» **Recorded information**:

--- START ---

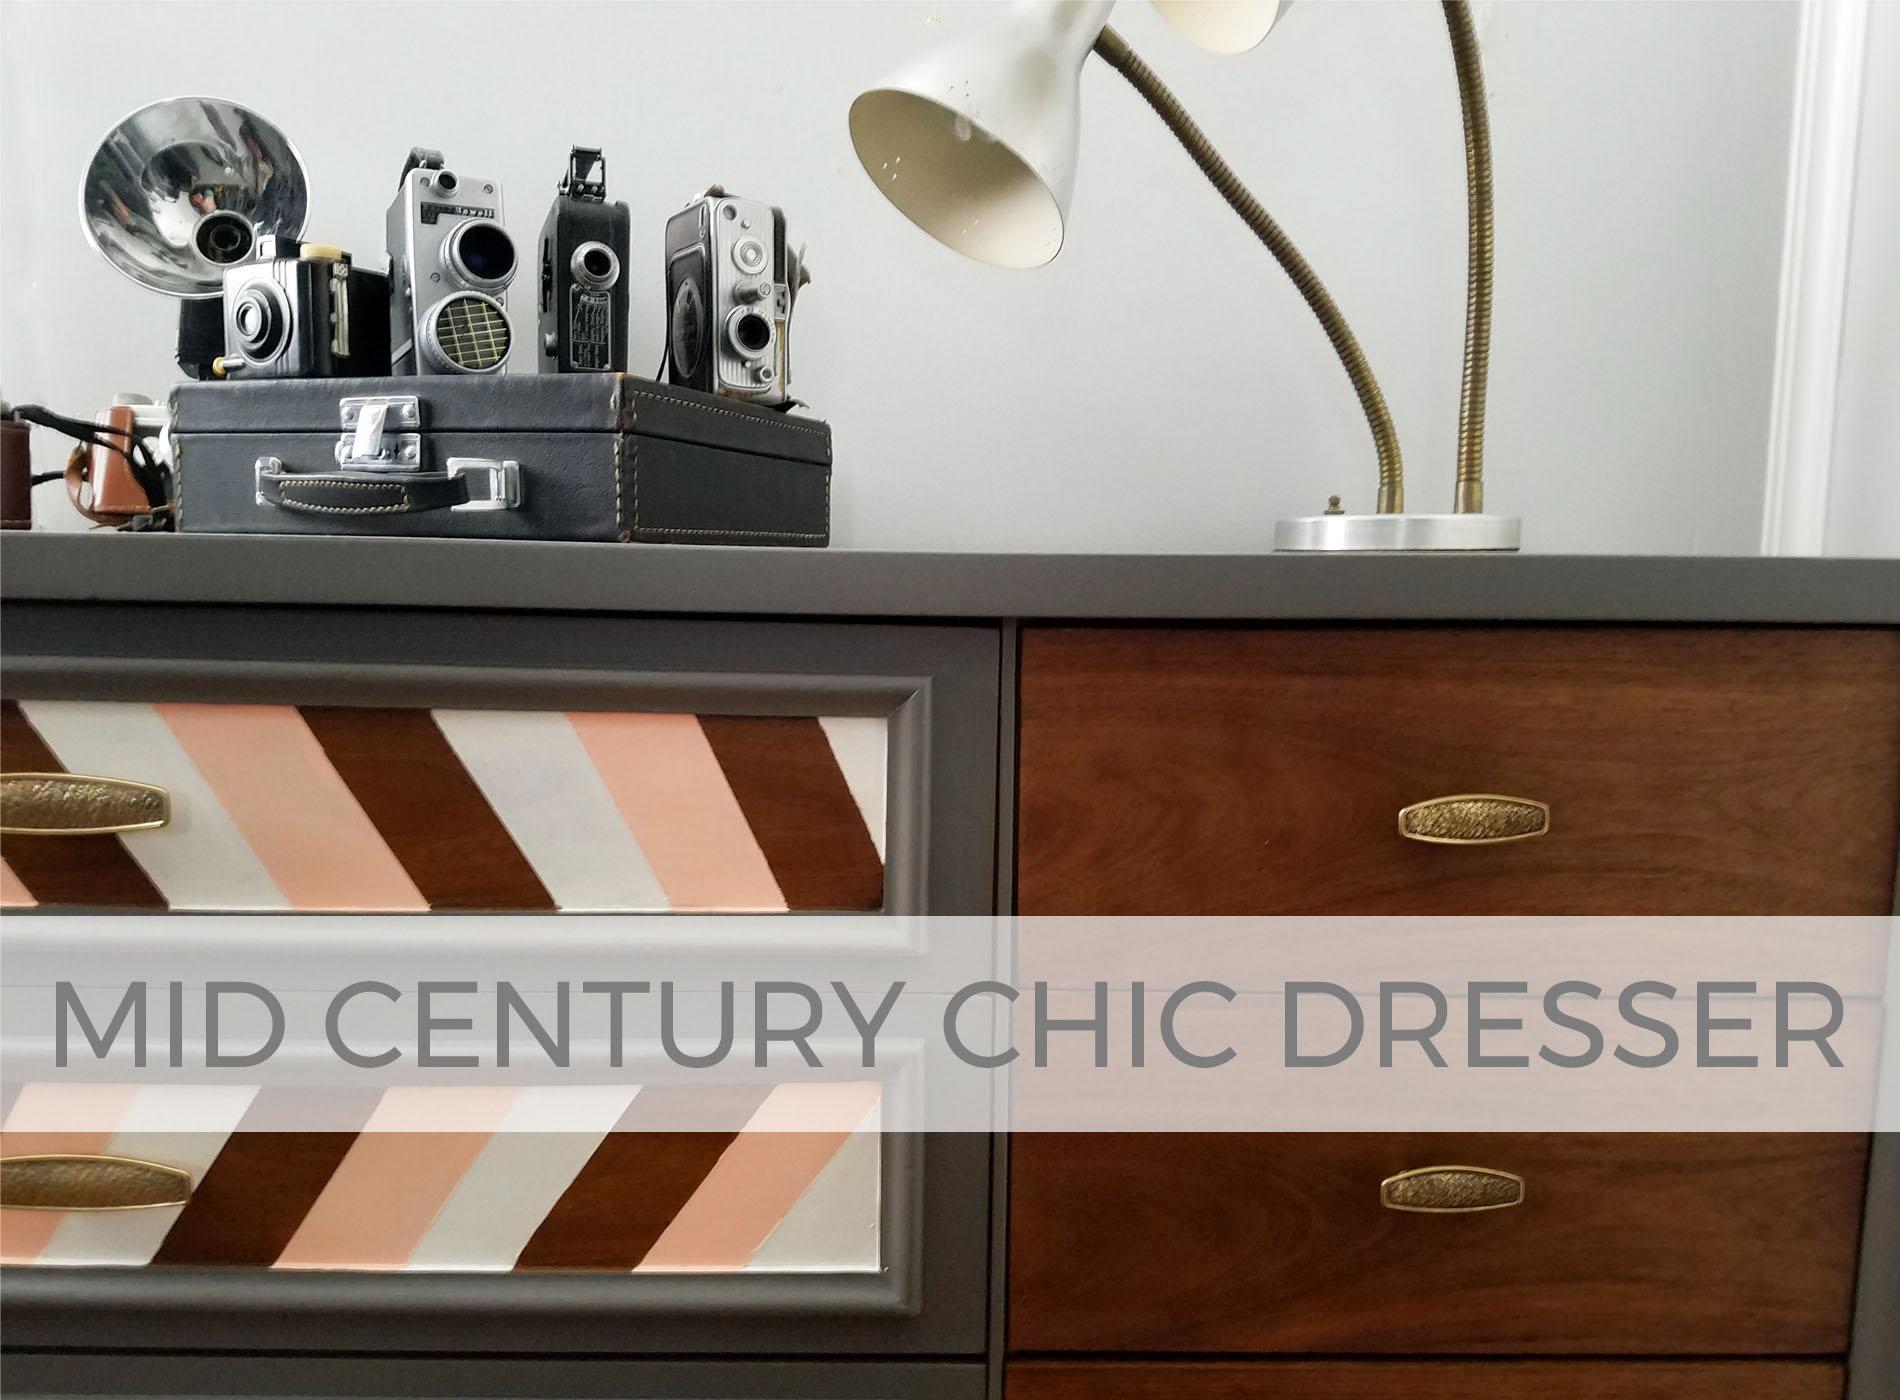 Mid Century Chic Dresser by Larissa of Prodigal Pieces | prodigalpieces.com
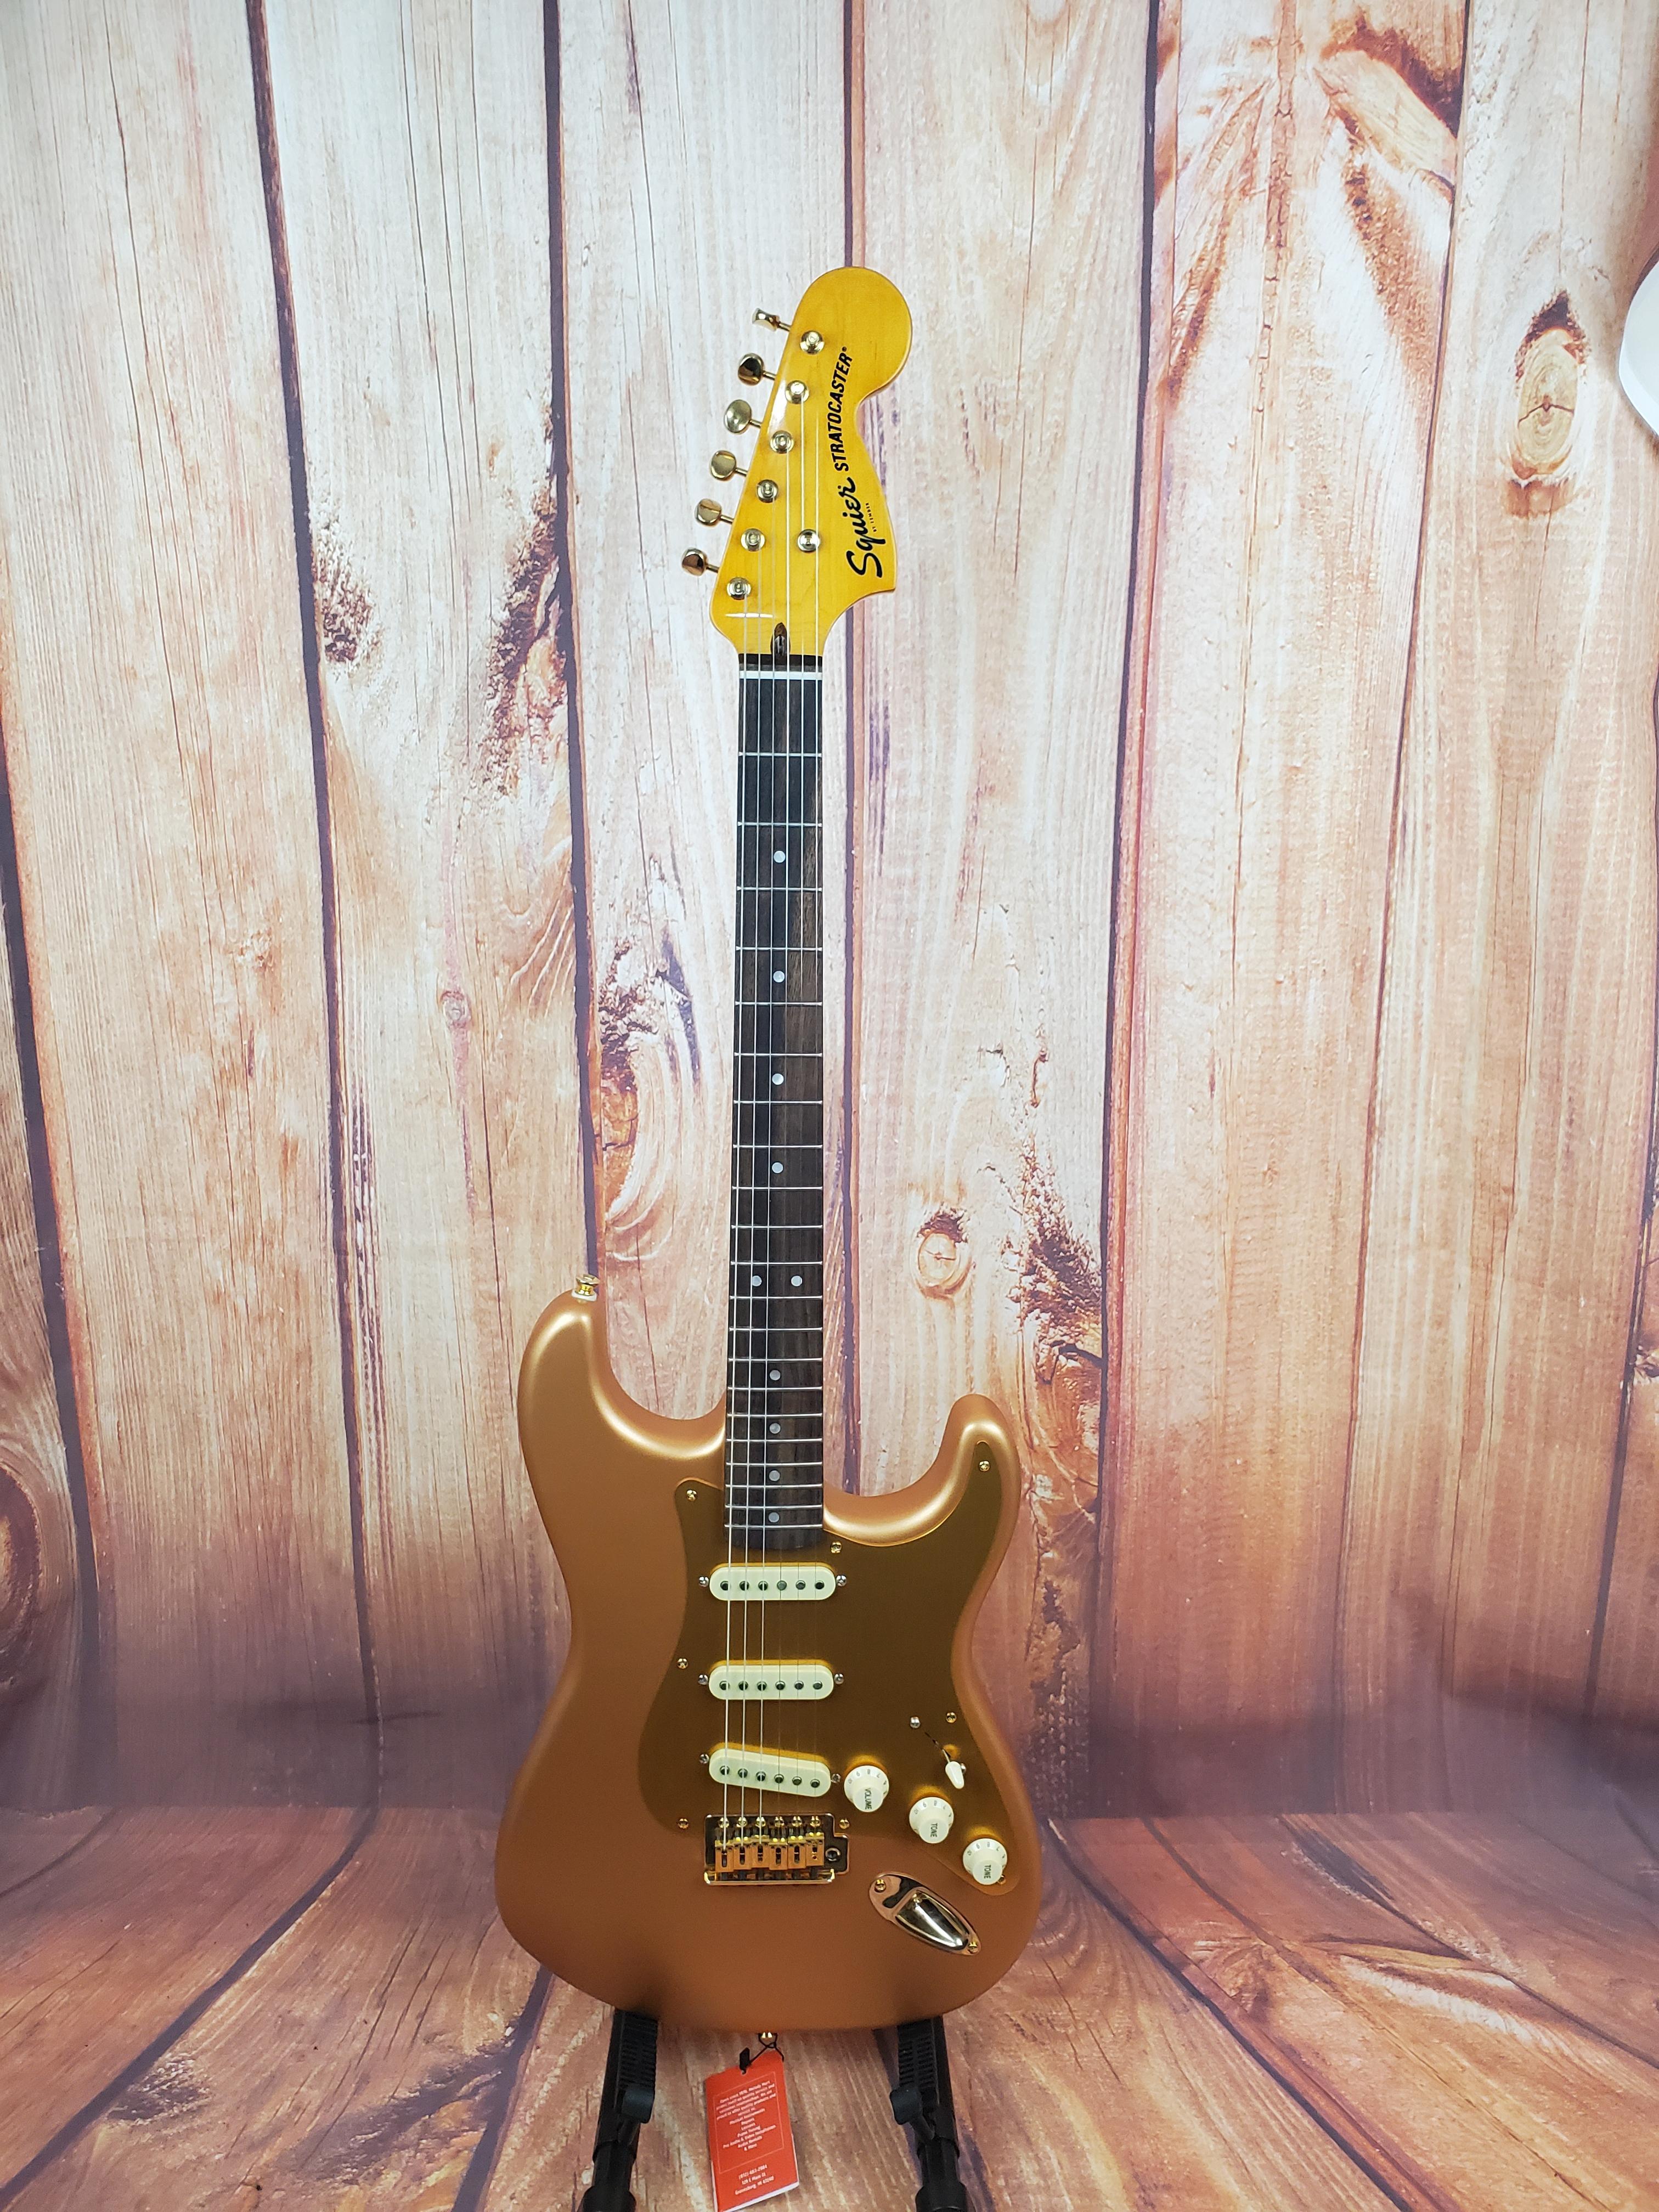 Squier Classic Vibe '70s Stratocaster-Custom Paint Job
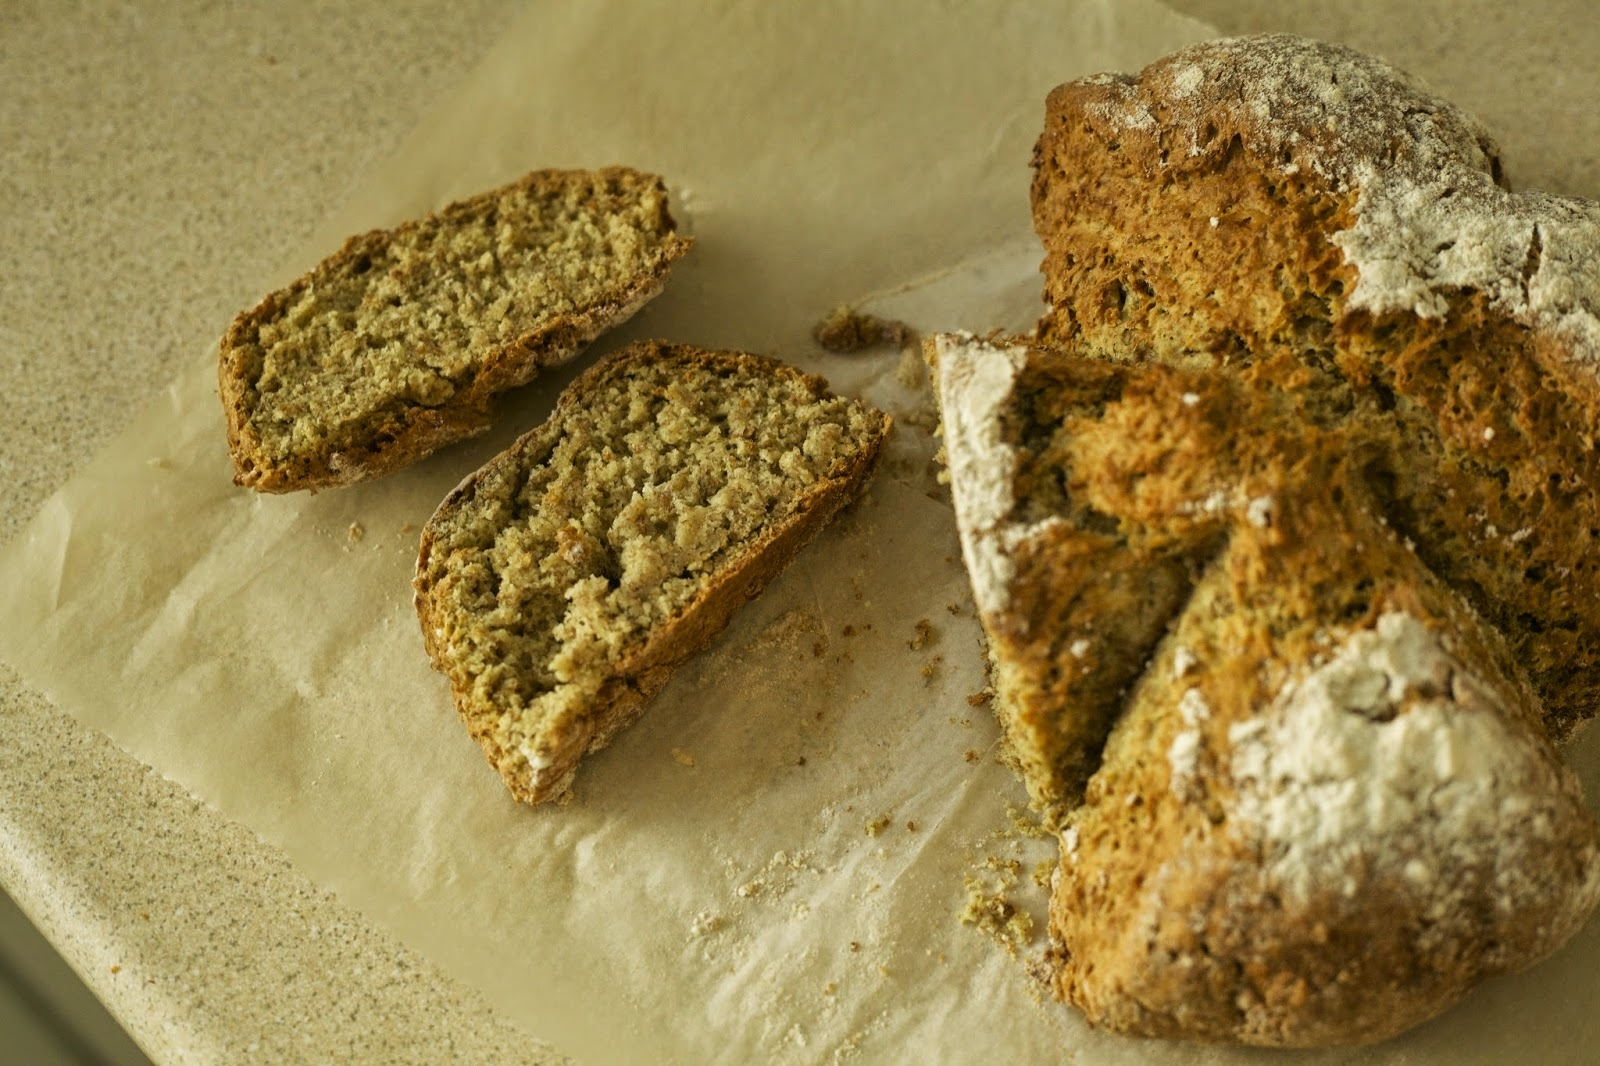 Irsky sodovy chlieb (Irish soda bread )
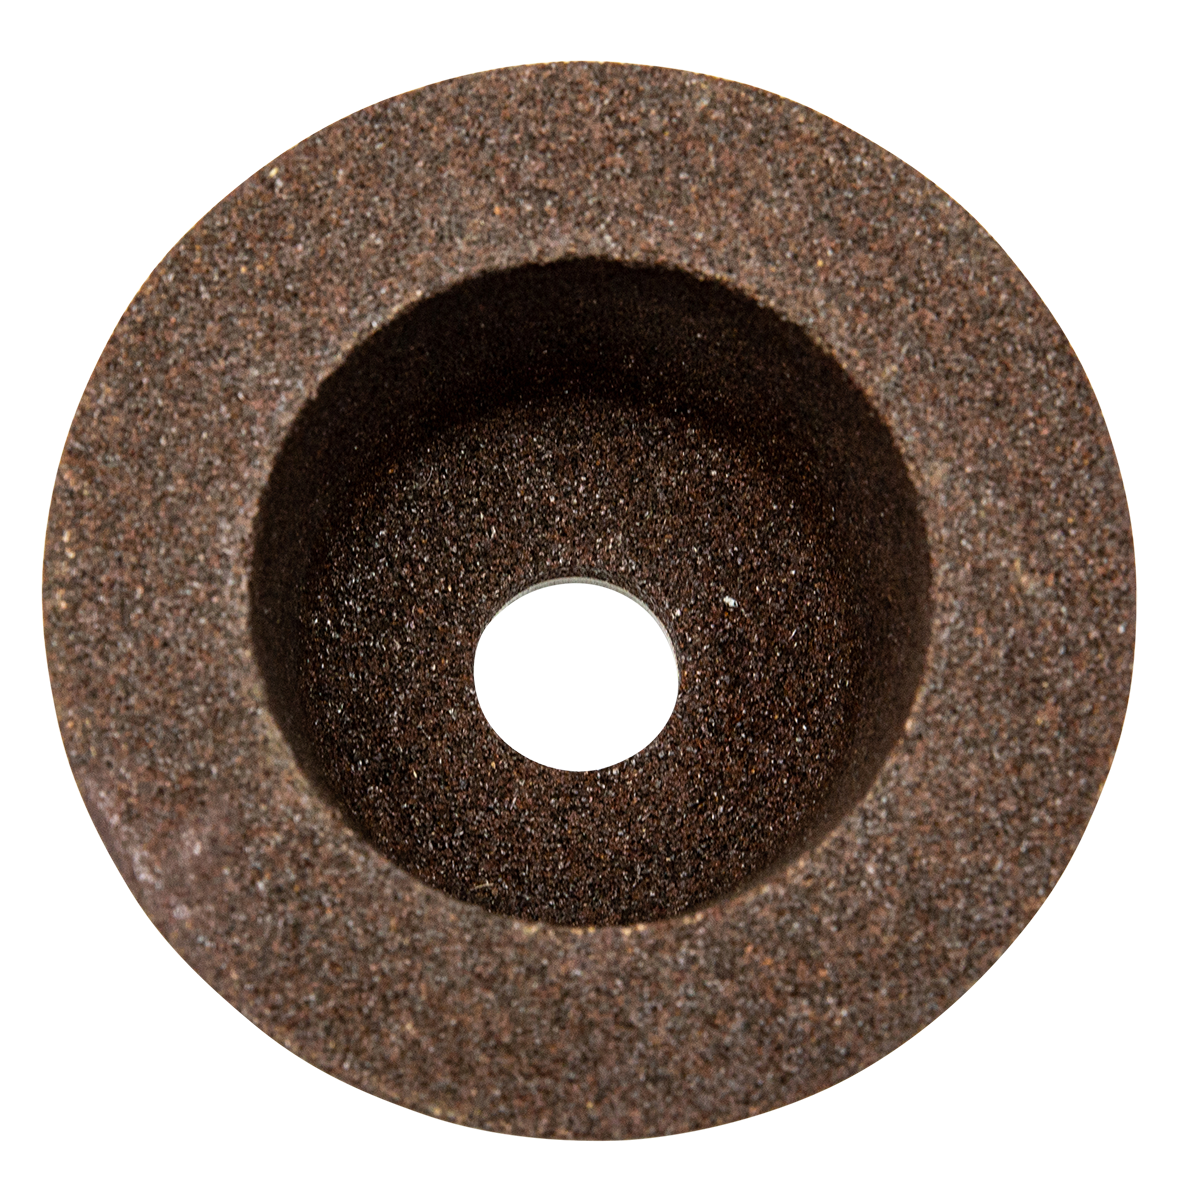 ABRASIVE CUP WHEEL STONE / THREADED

--- END ---

» **Description of the task**:
Pictures do not go in the copy. Write out exactly the lines from the line containing "Irsky sodovy chlieb (Irish soda bread )" through the last line of the listing.

» **Task result**:
 Irsky sodovy chlieb (Irish soda bread )
 ABRASIVE CUP WHEEL STONE / THREADED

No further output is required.